I’m planning on 220 next week then 225. Small jumps, but still will be volume PRs.

My thinking is that I’ll receive a little supercompensation and be able to get 135 next week. But if you think I should lower the weight then I will.

The 5x8 is part of the program. I was whipping 185 around and was resting for what felt like 30-45 seconds between sets with no problem. 205 felt a little tougher, but not bad. It was partly to challenge myself, and partly to see where I should be at next week. I’m thinking 195.

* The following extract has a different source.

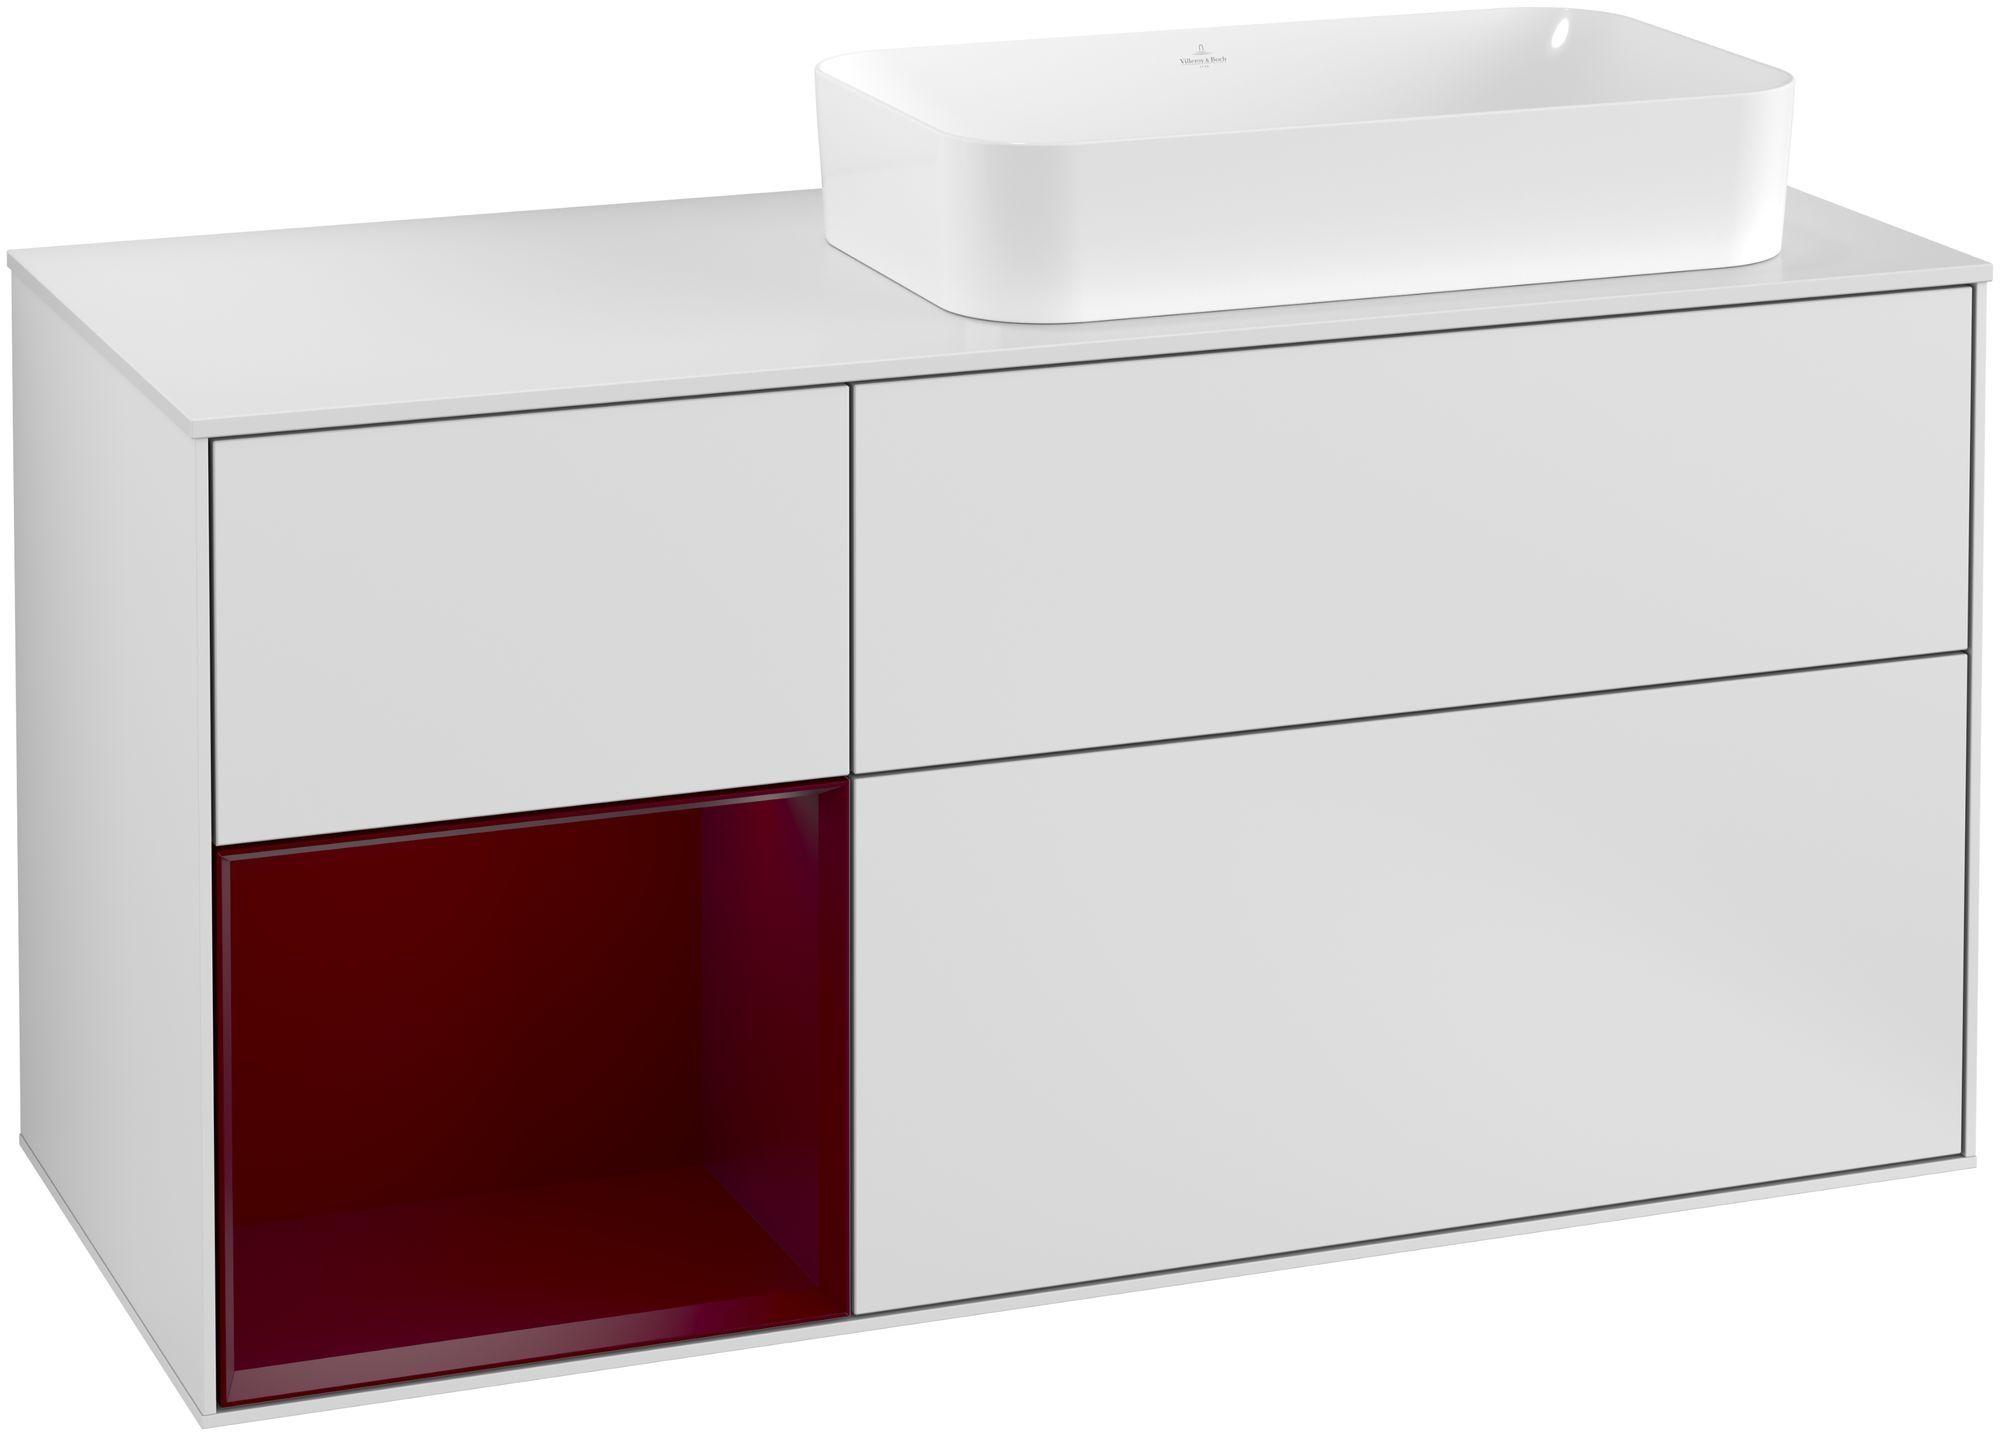 Villeroy & Boch Finion F27 Waschtischunterschrank mit Regalelement 3 Auszüge Waschtisch rechts LED-Beleuchtung B:120xH:60,3xT:50,1cm Front, Korpus: Weiß Matt Soft Grey, Regal: Peony, Glasplatte: White Matt F271HBMT

This was just extra. Not one of the 4 main lifts (bench, OHP, row, close grip bench). I was walking by the pull-up bar and just hopped on on my way to the dumbbells. When I was reading the article, (correct me if I’m wrong) it sounded like CT pretty much just said ‘bench and OHP + 2 random assistance exercises.’ I believe that my triceps are the strong point in my bench so I feel like the stronger those get, the stronger my bench will be.

That’s interesting. I think the way I have my program laid out, the 8s phase is one of the harder phases. I don’t think I’ll have any trouble benching 260 for 3x3. Or squatting 355 for 5x3. What WILL be a challenge is squatting 305 for 5x8 with at least 3 of those sets beltless. lol. I’m glad you guys are giving input. It makes this whole thing much more cerebral which doubles how much I can get out of running this program; half mental, half physical. So, let me know what you think of my reasoning from the rebuttals to Mort. Let me know if it makes sense or not


#824

26 October 2018 - Lower Body W1D2 Bodyweight: 216.0lbs

Warmup: the usual

High Bar 5x12 255lbs (first 3 sets beltless) (LSRPE 6)
Good Mornings 3x8 (owwww)
Trap Bar Holds 40sec, 30sec, 20sec 225lbs

Notes
Again, the volume of the back squats gave me a crippling lower back pump and I wasn’t able to do anything. I’m not used to beltless squats OR high volume on squats, and I think combining them will be helpful in the long run, but right now it’s really limiting what I can do on leg days. Maybe I should modify the program and do deadlifts on a separate day? Maybe I should do deads first? I don’t know.

Good mornings felt very risky with my lower back feeling compromised. Even with a belt I didn’t feel secure doing 5 sets.

The trap bar holds were the silver lining today. I’ve been wanting to work on grip strength for a long time and now I have an easy way to do it. My forearms were PUMPED because I haven’t held anything over 185lbs without straps for more than a few seconds at a time (see: barbell rows).


#825

Then I’ll correct you :slight_smile: the 4 mains are bench, OHP, squat and DL
for upper body the two other exercises are 2 free weight pulling exercises among them are BB rows, DB rows, chins and pull ups. + one assistance non taxing exercise like curl.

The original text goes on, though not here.